Kalau dilihat dan dibandingkan lagi antara gambar pada pertanyaan @Hamka_Kdz dengan
gambar dari sumber aslinya ternyata ada kata yang menurut saya sengaja dihilangkan.
Kata yang dihilangkan adalah kata yaitu. Dan jika diperhatikan dengan teliti ada banyak
editan disana.
Gambar pertanyaan @Hamka_Kdz
sumber : twitter.com
Jika dilihat dari gambar diatas, atau jika kita lihat link aslinya yaitu :
http://www.fikihkontemporer.com/2014/01/hukum-memilih-pejabat-dari-kalangan-non.html
maka isi dari Keputusan tersebut adalah sebagai berikut:
-------------------------------------------------------------------------------------------Hukum Memilih Pejabat Dari Kalangan Non Muslim - Keputusan Muktamar NU
Written By siroj munir on Minggu, 22 Juni 2014 | 13.24.00
KEPUTUSAN BAHTSUL MASA'IL AL-DINIYAH AL-WAQI'IYYAH
MUKTAMAR XXX NU
DI PP. LIRBOYO KEDIRI JAWA TIMUR
TANGGAL 21 s/d 27 NOPEMBER 1999
A. Pertanyaan
Bagaimana hukum orang Islam menguasakan urusan kenegaraan kepada orang non
Islam?
B. Jawaban
Orang Islam tidak boleh menguasakan urusan kenegaraan kepada orang non Islam kecuali
dalam keadaan darurat, yaitu:
a. Dalam bidang-bidang yang tidak bisa ditangani sendiri oleh orang Islam secara langsung
atau tidak langsung karena faktor kemampuan.
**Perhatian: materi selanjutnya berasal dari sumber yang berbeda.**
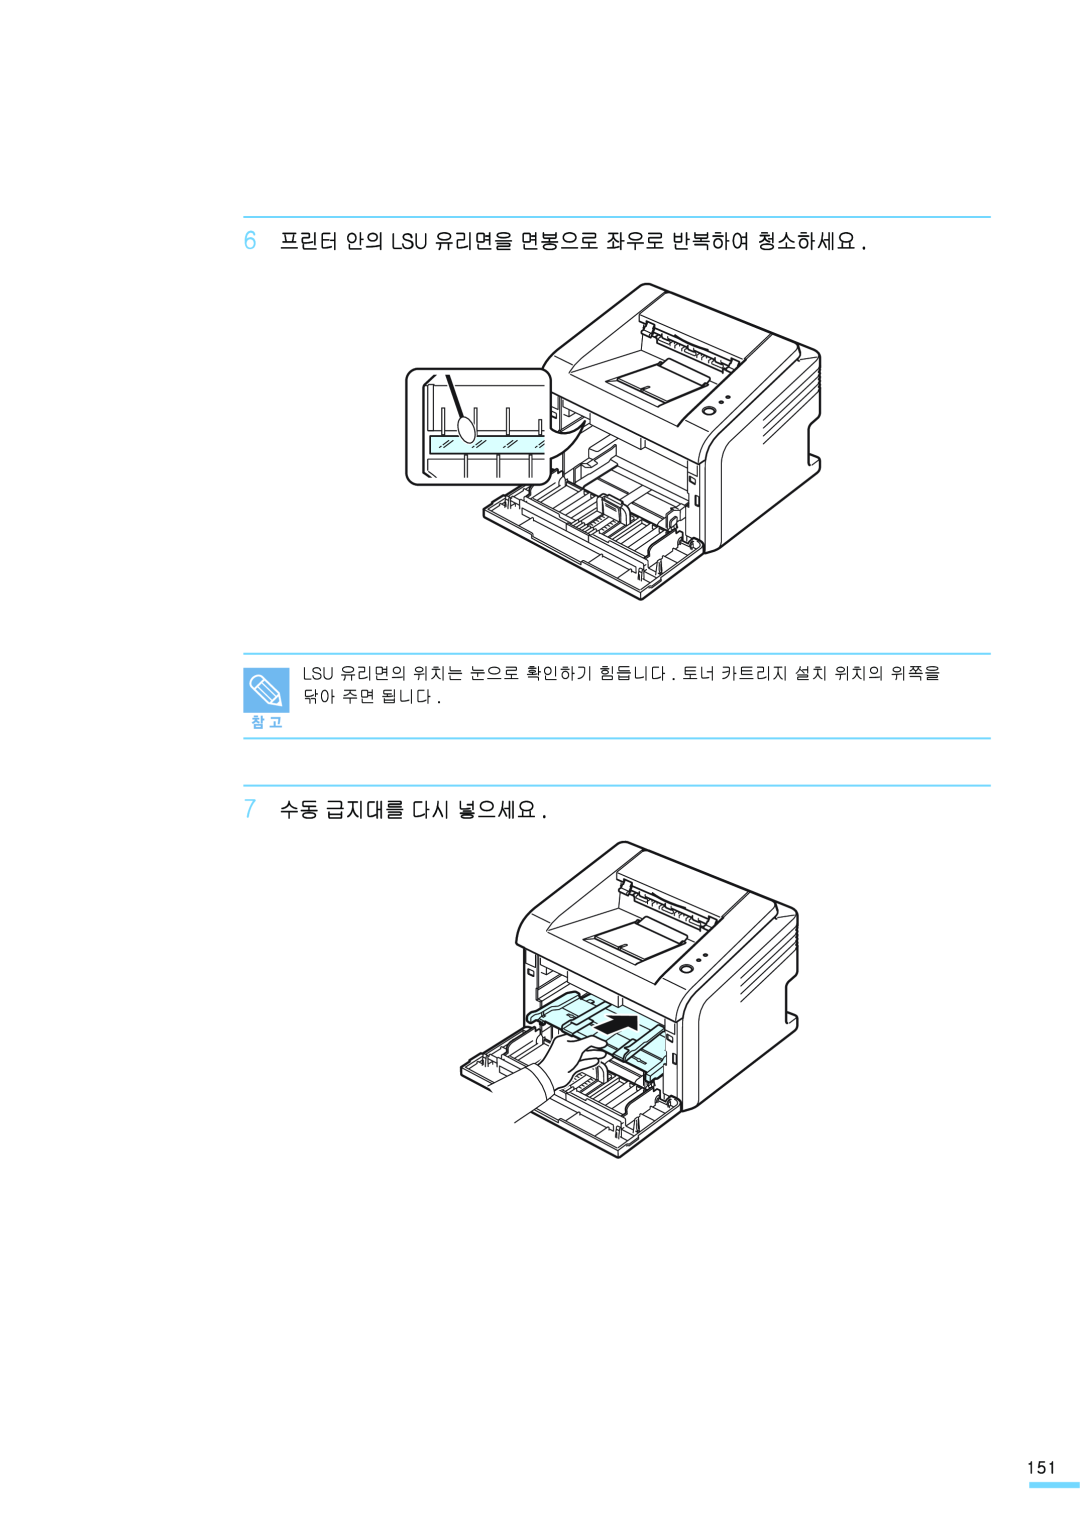 Samsung ML-2571N manual 6 프린터 안의 LSU 유리면을 면봉으로 좌우로 반복하여 청소하세요, 7 수동 급지대를 다시 넣으세요 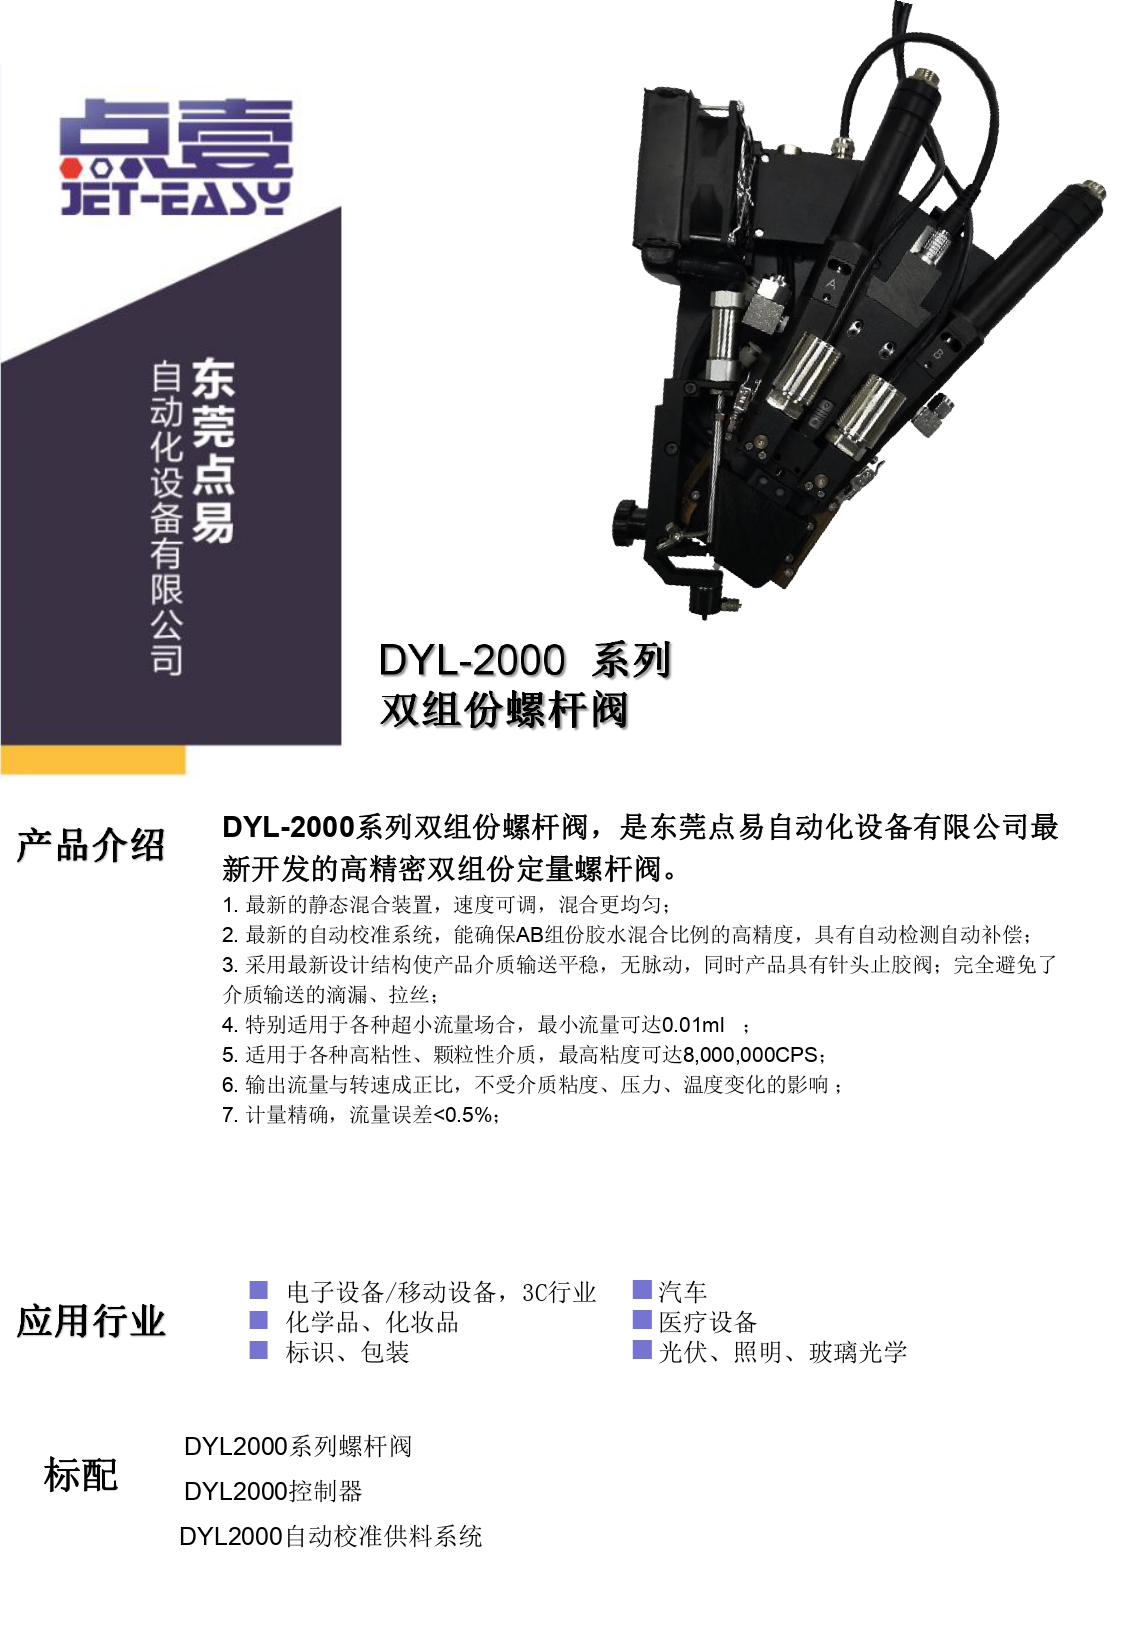 DYL-2000双组份螺杆阀简介资料(1)_page-0001.jpg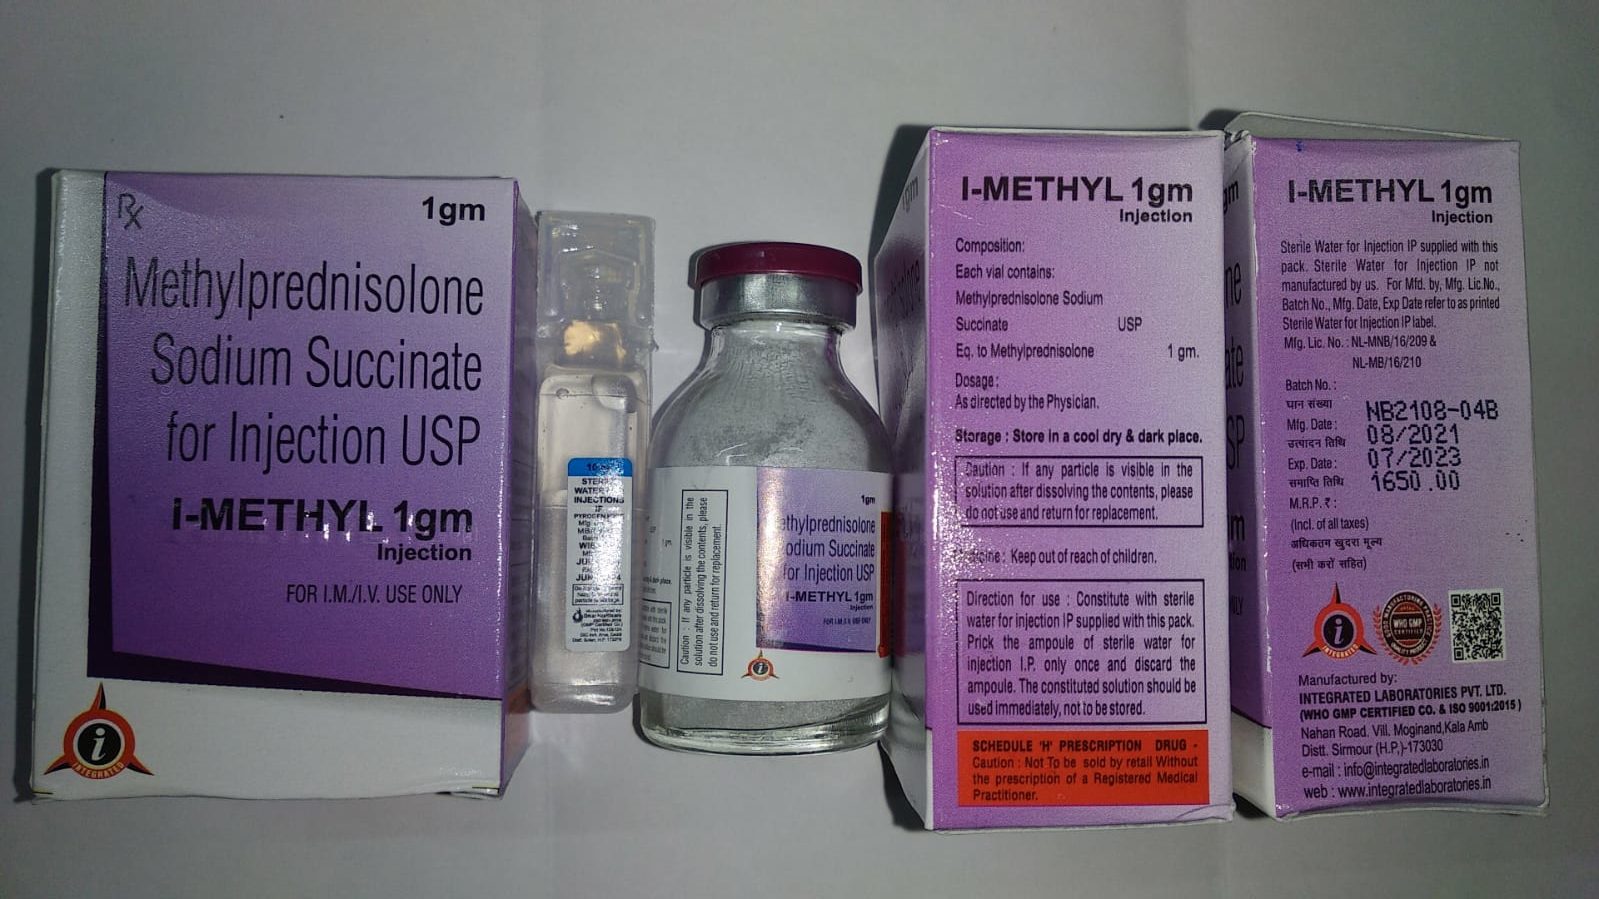 I-Methyl-1Gm - Methylprednisolone Sodium Succinate

b. Dalam bidang-bidang yang ada orang Islam berkemampuan untuk menangani, tetapi
terdapat indikasi kuat bahwa yang bersangkutan khianat.
c. Sepanjang penguasaan urusan kenegaraan kepada non Islam itu nyata membawa
manfaat.
Catatan: Orang non Islam yang dimaksud berasal dari kalangan ahl al-dzimmah dan harus
ada mekanisme kontrol yang efektif.
C. Dasar Pengambilan Hukum
1. Al-Quran Al-Karim
"dan Allah sekali-kali tidak akan memberi jalan kepada orang-orang kafir untuk
memusnahkan orang-orang yang beriman." (QS: An-Nisaa Ayat: 141)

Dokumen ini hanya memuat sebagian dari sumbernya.